In the end, the NEA survey grants were killed not so much by disagreement about what constituted art vs. documentary photography, but by the ascendancy of conservative politics. It did not matter that the survey grants were administered by local institutions and communities, nor did it matter that the grants were required to find matching funding from private sources. The survey grants ended with Ronald Reagan’s election, and in a few years, the individual artists’ grants would also be eliminated.  We have had a neutered and ineffectual National Endowment for the Arts ever since.

Government funding of the arts will always be problematic, but when art is left primarily to the galleries whose interests tend toward protecting relatively small stables of brand names, the result is brutally Darwinian. Meanwhile, the schools keep churning out MFA grads, and a cottage industry built on webzines, blogs, contests and portfolio reviews picks up the slack, sometimes receiving funding from the NEA and private benefactors. But where is the support for individual artists?
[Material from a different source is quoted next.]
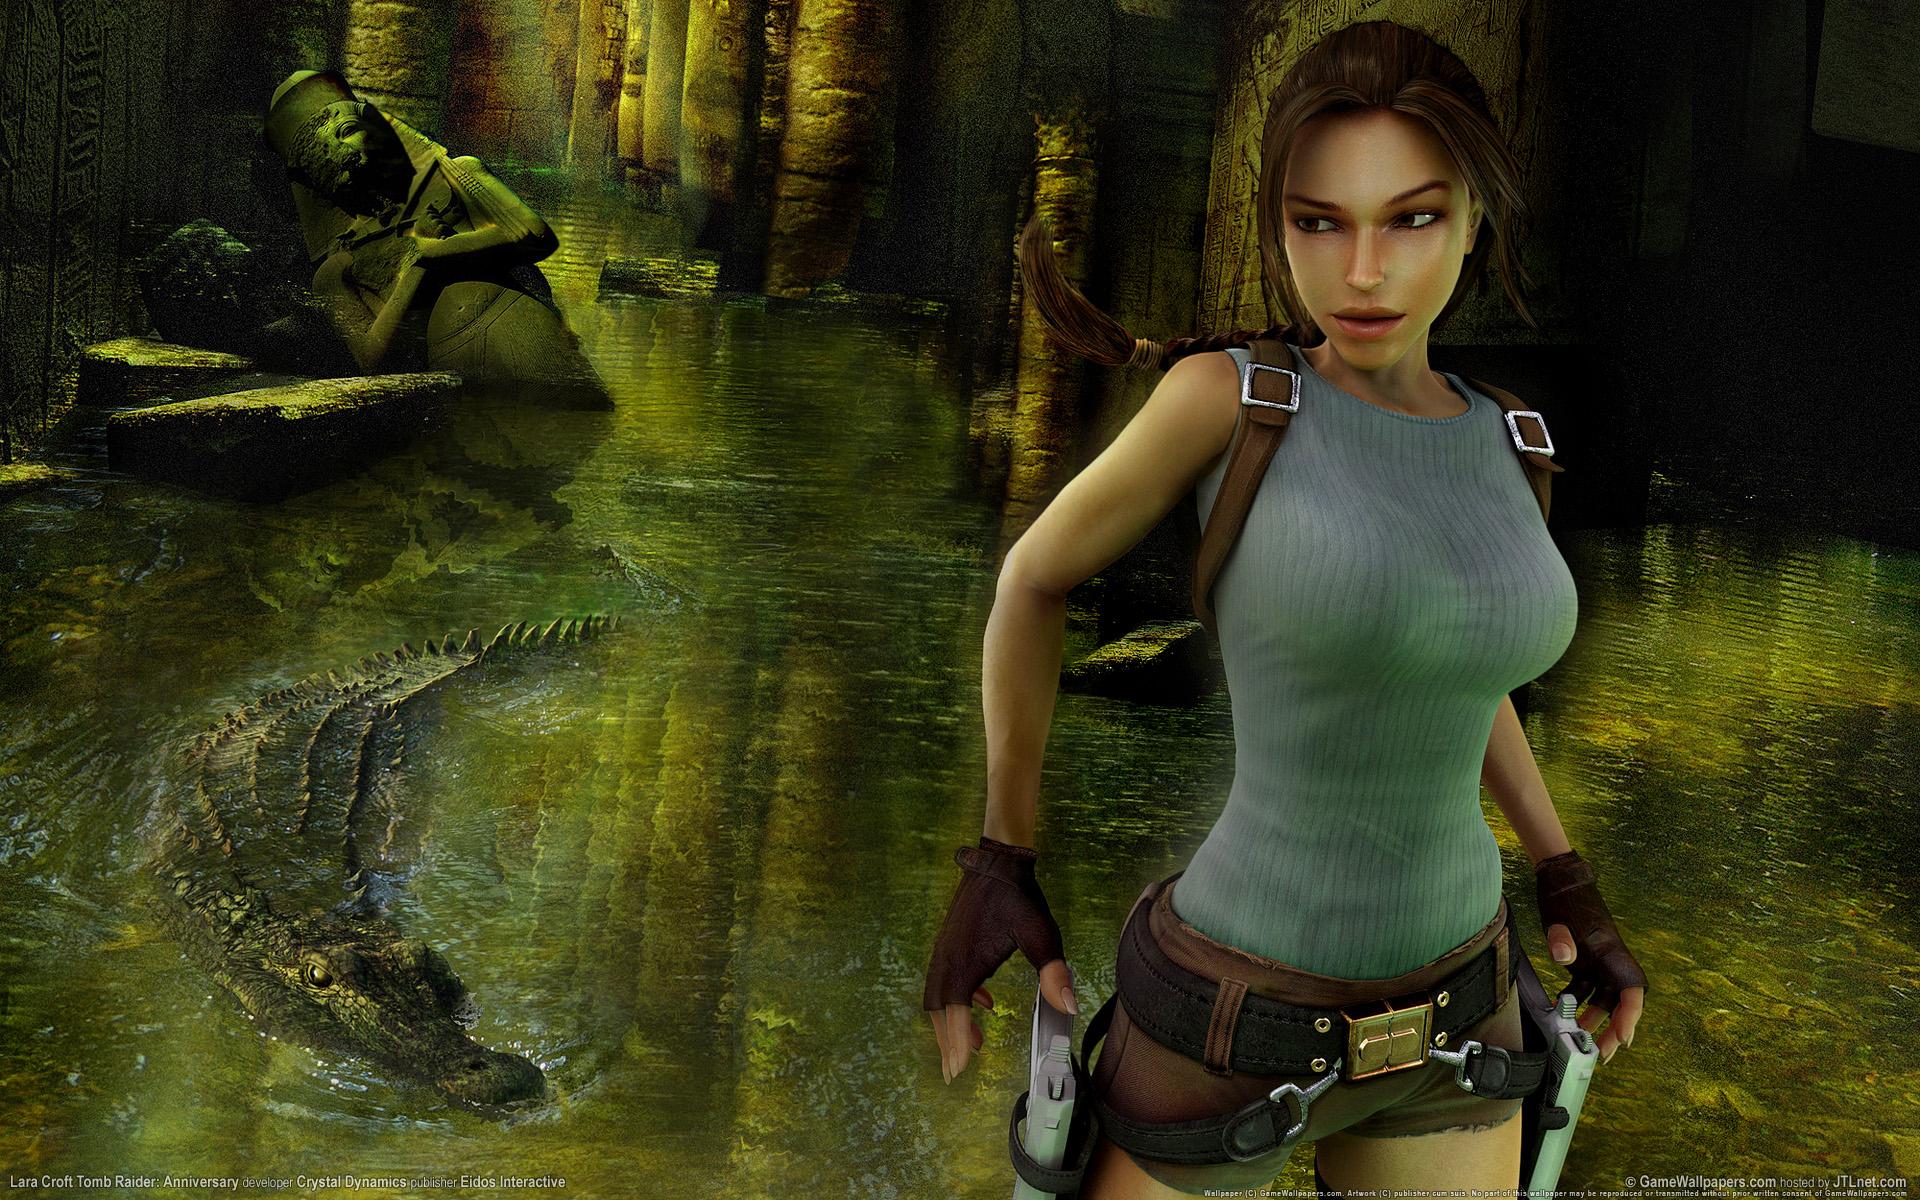 ... Tomb Raider Anniversary for Windows,XBOX(7) ...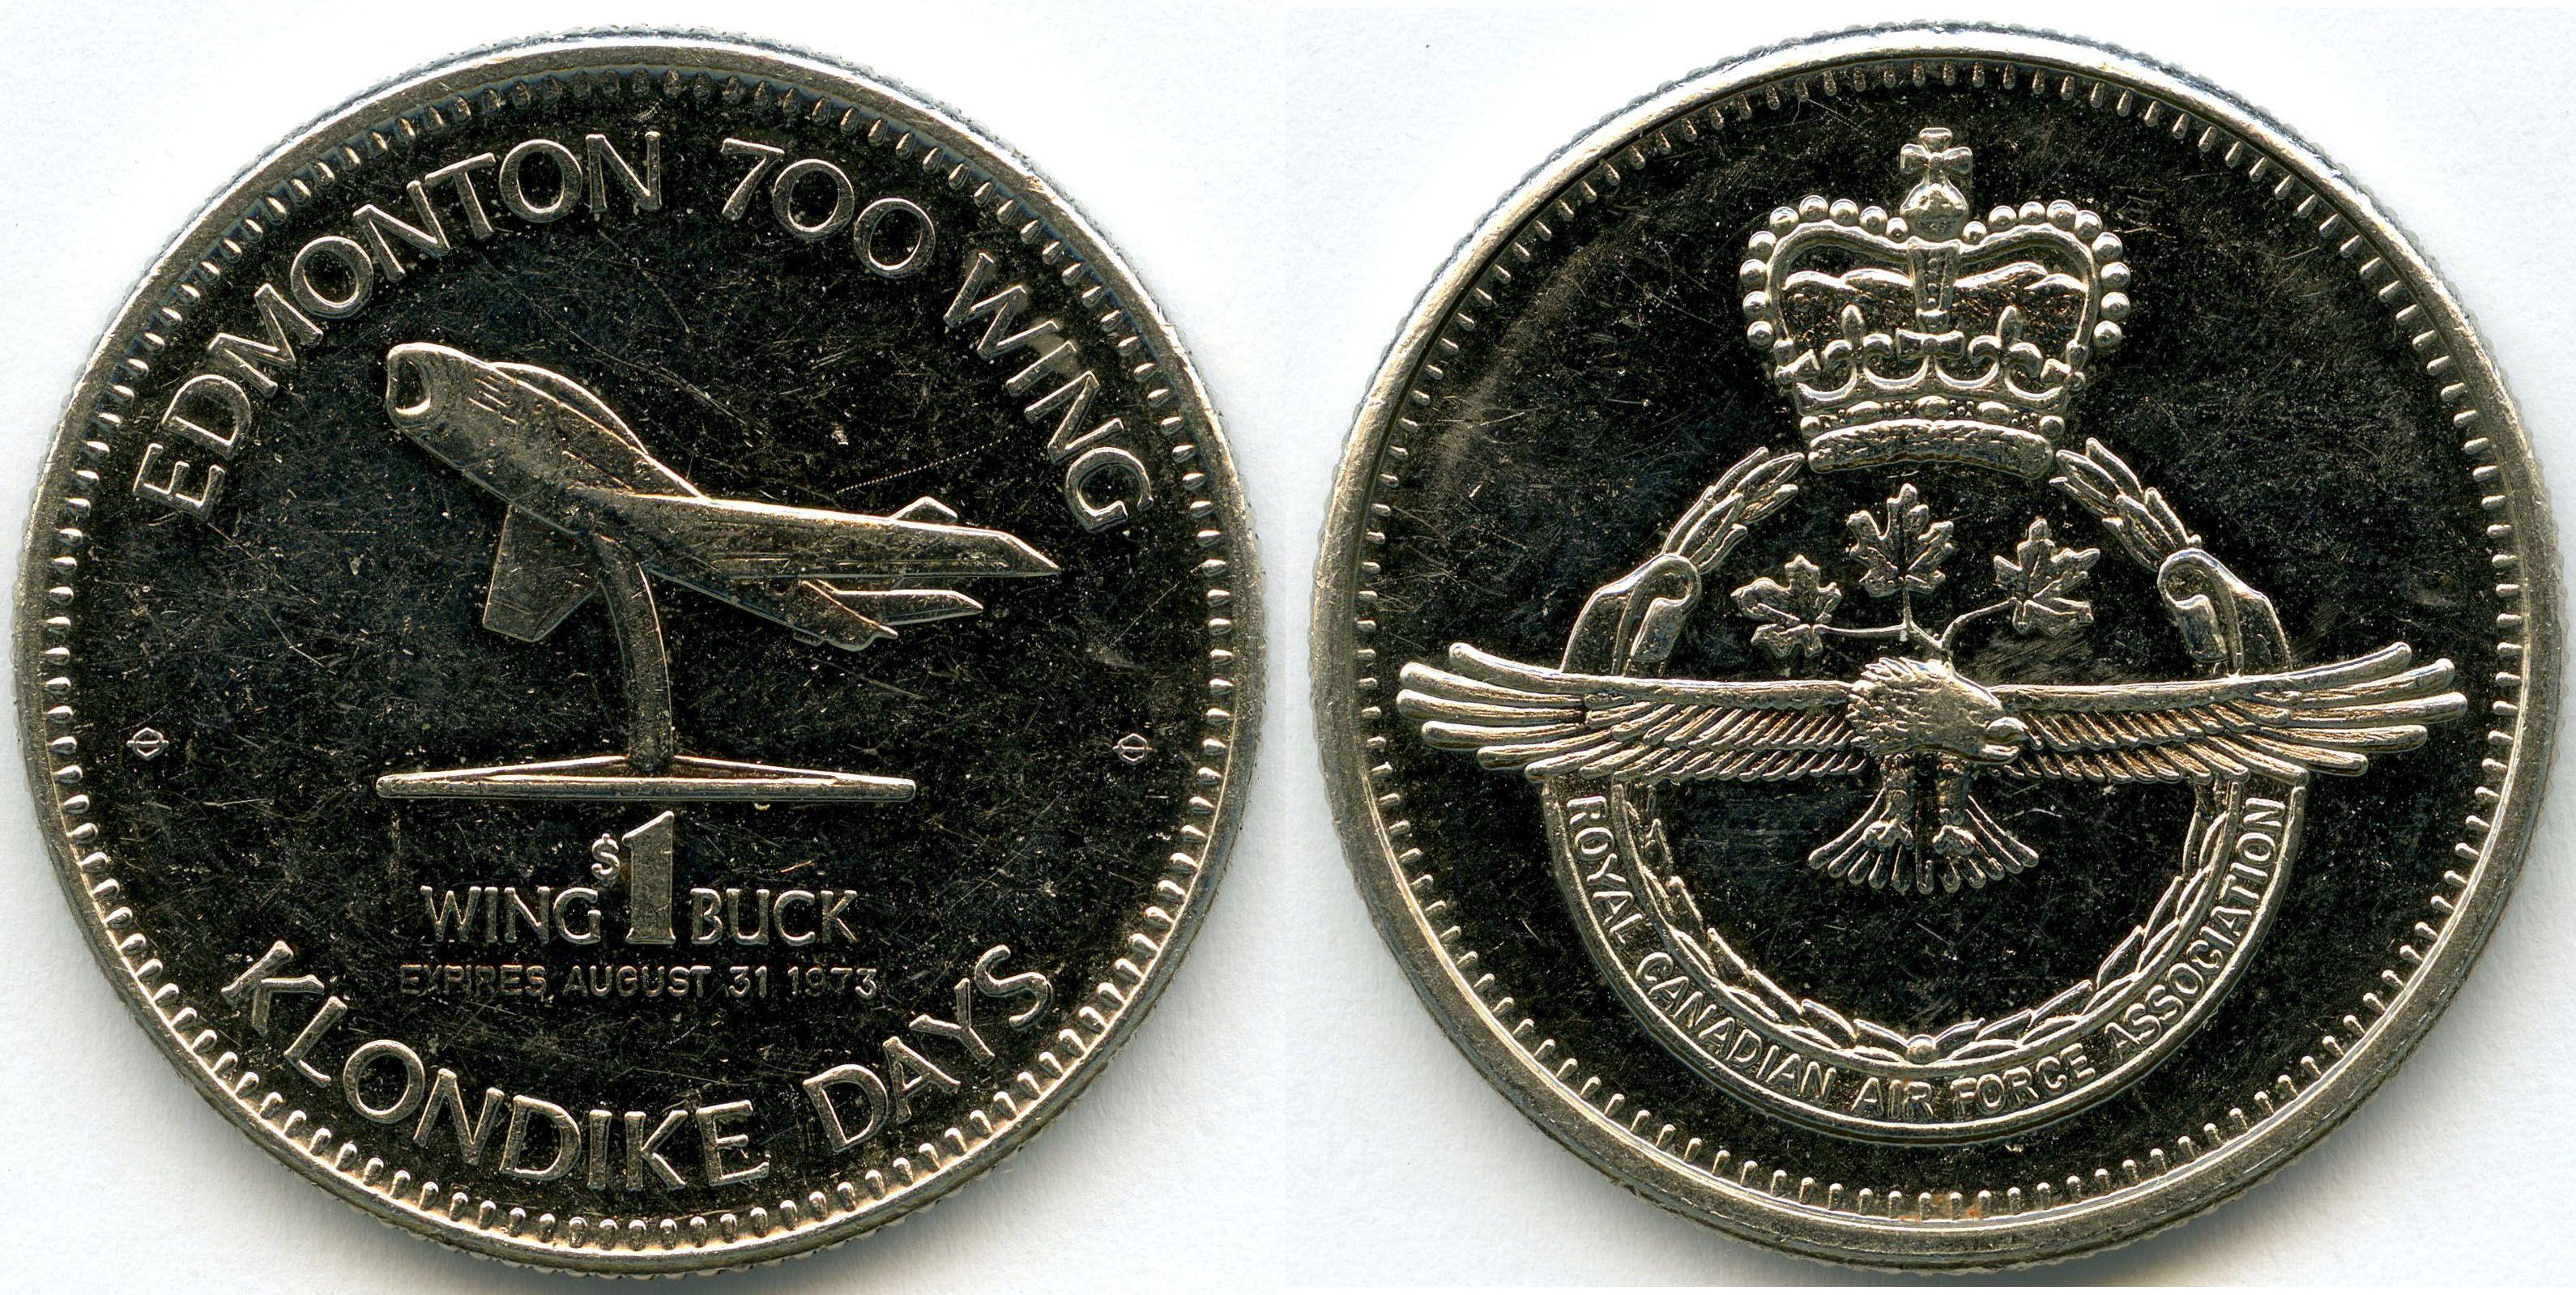 Edmonton 700 Wing Royal Canadian Air Force Association

When I think of the burst of work done during the few years of the NEA survey grants–made for a minuscule fraction of the NEA’s budget of around $150 million in 1980–well, it’s obvious that our priorities are a tad skewed.

I don’t recall exactly how much money I got to do my photographs of Lower Manhattan. Maybe $2,500. At the time I was 27 years old, and it seemed like a fortune.

New York/NEA Survey Grants

Dorothea Lange photographs, the Museum of Modern Art — © Brian Rose

I’ve been reading Through the Lens of the City, NEA Photography Surveys of the 1970s by Mark Rice. A few comments mid-stream.

The NEA survey grants were an outgrowth of a proposal championed by Walter Mondale to commemorate the U.S. bicentennial by commissioning photographers to create a visual documentation of America along the lines of the work done by the FSA in the 1930s. That initiative died of politics, but the National Endowment for the Arts picked up the ball themselves and established the survey program that ran for several years.

In all of this, there were lots of arguments about what kind of documentary photography was desired. The work done by Walker Evans and Dorothea Lange–and many others–were recognized as the paradigm, but perhaps for the wrong reasons, or as the result of misunderstandings. Lange produced iconic images that sought to ennoble the poor farmers she photographed. And Evans was attracted to the humble vernacular structures of the south. His intellectual clarity transcended the nostalgic nature of the subject matter, and his evenhanded visual discipline provided a way to show places, things, and people which would otherwise remain invisible. Both Lange and Evans–as different from each other as they were–defined a new hybrid kind of photography that was both document and art.

The America the FSA photographers presented was a narrow view of society, intentionally of course, as part of the mandate of the Farm Security Administration. What the bicentennial project envisioned was something more ambitious, but nevertheless rooted in the FSA style of documentation, and preferably directed by someone with the strong vision of the FSA’s Roy Stryker. When the NEA took over the idea, they set up a more diverse and geographically dispersed structure. Hence there were survey projects scattered all over the United States, and unlike the rural based FSA photography, most were focused on urban areas.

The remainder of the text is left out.